Search code examples
pythonpython-3.xpandasoracle-databasesqlalchemy

pandas df.to_sql to Oracle database datatype inconsistency


Problem

I have a pandas dataframe and I'm trying to use the pd.df.to_sql() function to an Oracle database. My Oracle database is 19.3c. Seems easy enough right? Why won't it work??

I saw in a few other another stackoverflow posts that I should be using sqlalchemy datatypes. Okay. Links:

from sqlalchemy.types import Integer, String
from sqlalchemy.dialects.oracle import NUMBER, VARCHAR2, DATE

oracle_dtypes = {
        'id' : NUMBER(38,0),
        'counts' : Integer,
        'name' : VARCHAR2(50),
        'swear_words' : String(9999)
        'date' : DATE()   
}

df_upload.to_sql(
    "oracle_table", 
    db.engine, 
    schema="SA_COVID", 
    if_exists="replace", 
    index=False
    dtype=oracle_dtypes
)

It never fails to convert random groups to CLOB or some other random datatypes. What should I do?

Things i've tried

I've tried and didn't work...

  • trucating (sending a SQL statement to the db from python) the table first then if_exist="append"
  • using the if_exist="replace"
  • using Oracle specific dialect of sqlalchemy datatypes only
  • using the generic sqlalchmey datatypes only
  • using a mix of both just bc I'm frustrated

Maybe it's an Oracle specific issue?

Things I haven't tried:

Things I haven't tried:

  • Dropping table and just recreating it before insert
  • to_sql adhoc and the send a series of some ALTER TABLE tbl_name MODIFY col_name

Related Links:


Solution

  • Turns out I needed to double check the incoming datatypes from the API into my pandas dataframe (made a dumb assumption the data was clean)... The API was yielding all strings, and using df.info really helped.

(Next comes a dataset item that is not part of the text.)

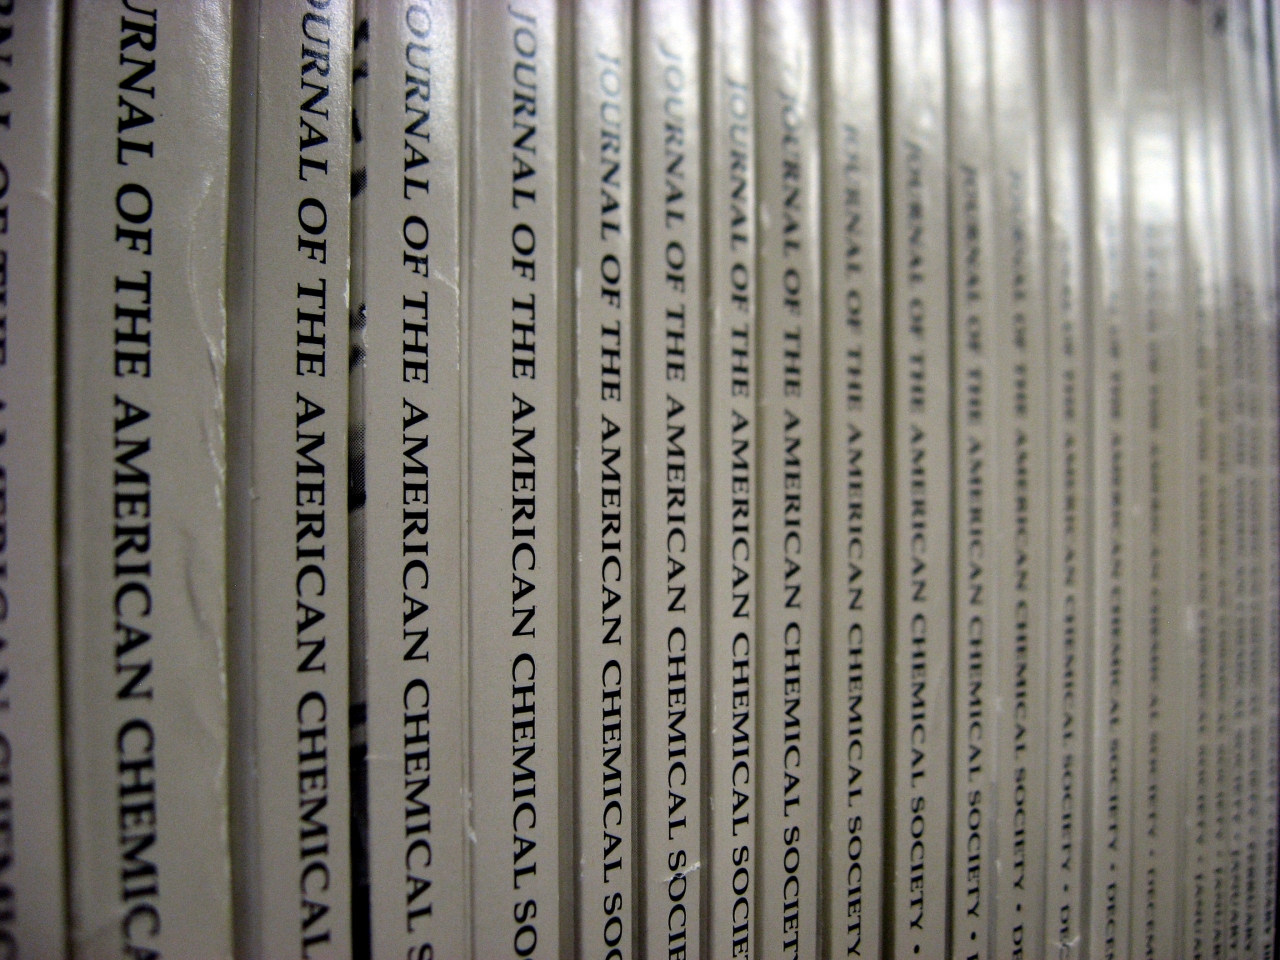 Issues of the Journal of the American Chemical Society in the research library.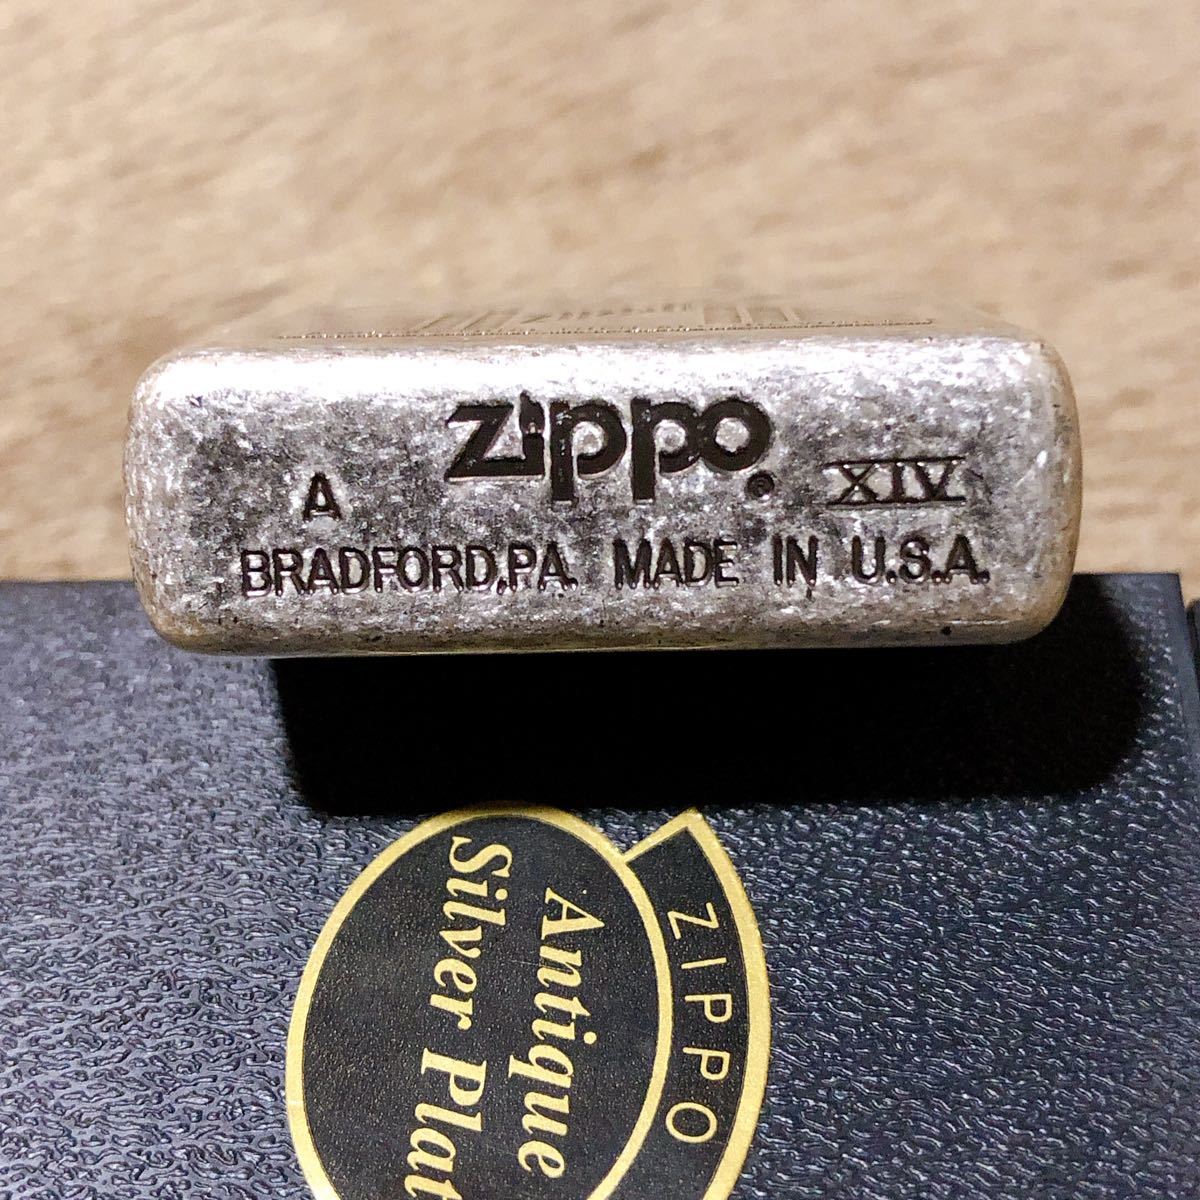 A Weeks Trial Then All The While zippo ジッポ

    Needed to convert all the the integer, numeric, and dates to the appropriate datatypes in python (that was the main issue), and from there could re-map the the database datatypes. In short...

    API (all strings) --> Python (set datatypes) --> Database (map datatypes using sqlalchemy)

    I used the pd.Int64Dtype() for integer columns with null values, and 'datetime64[ns]' for datetimes.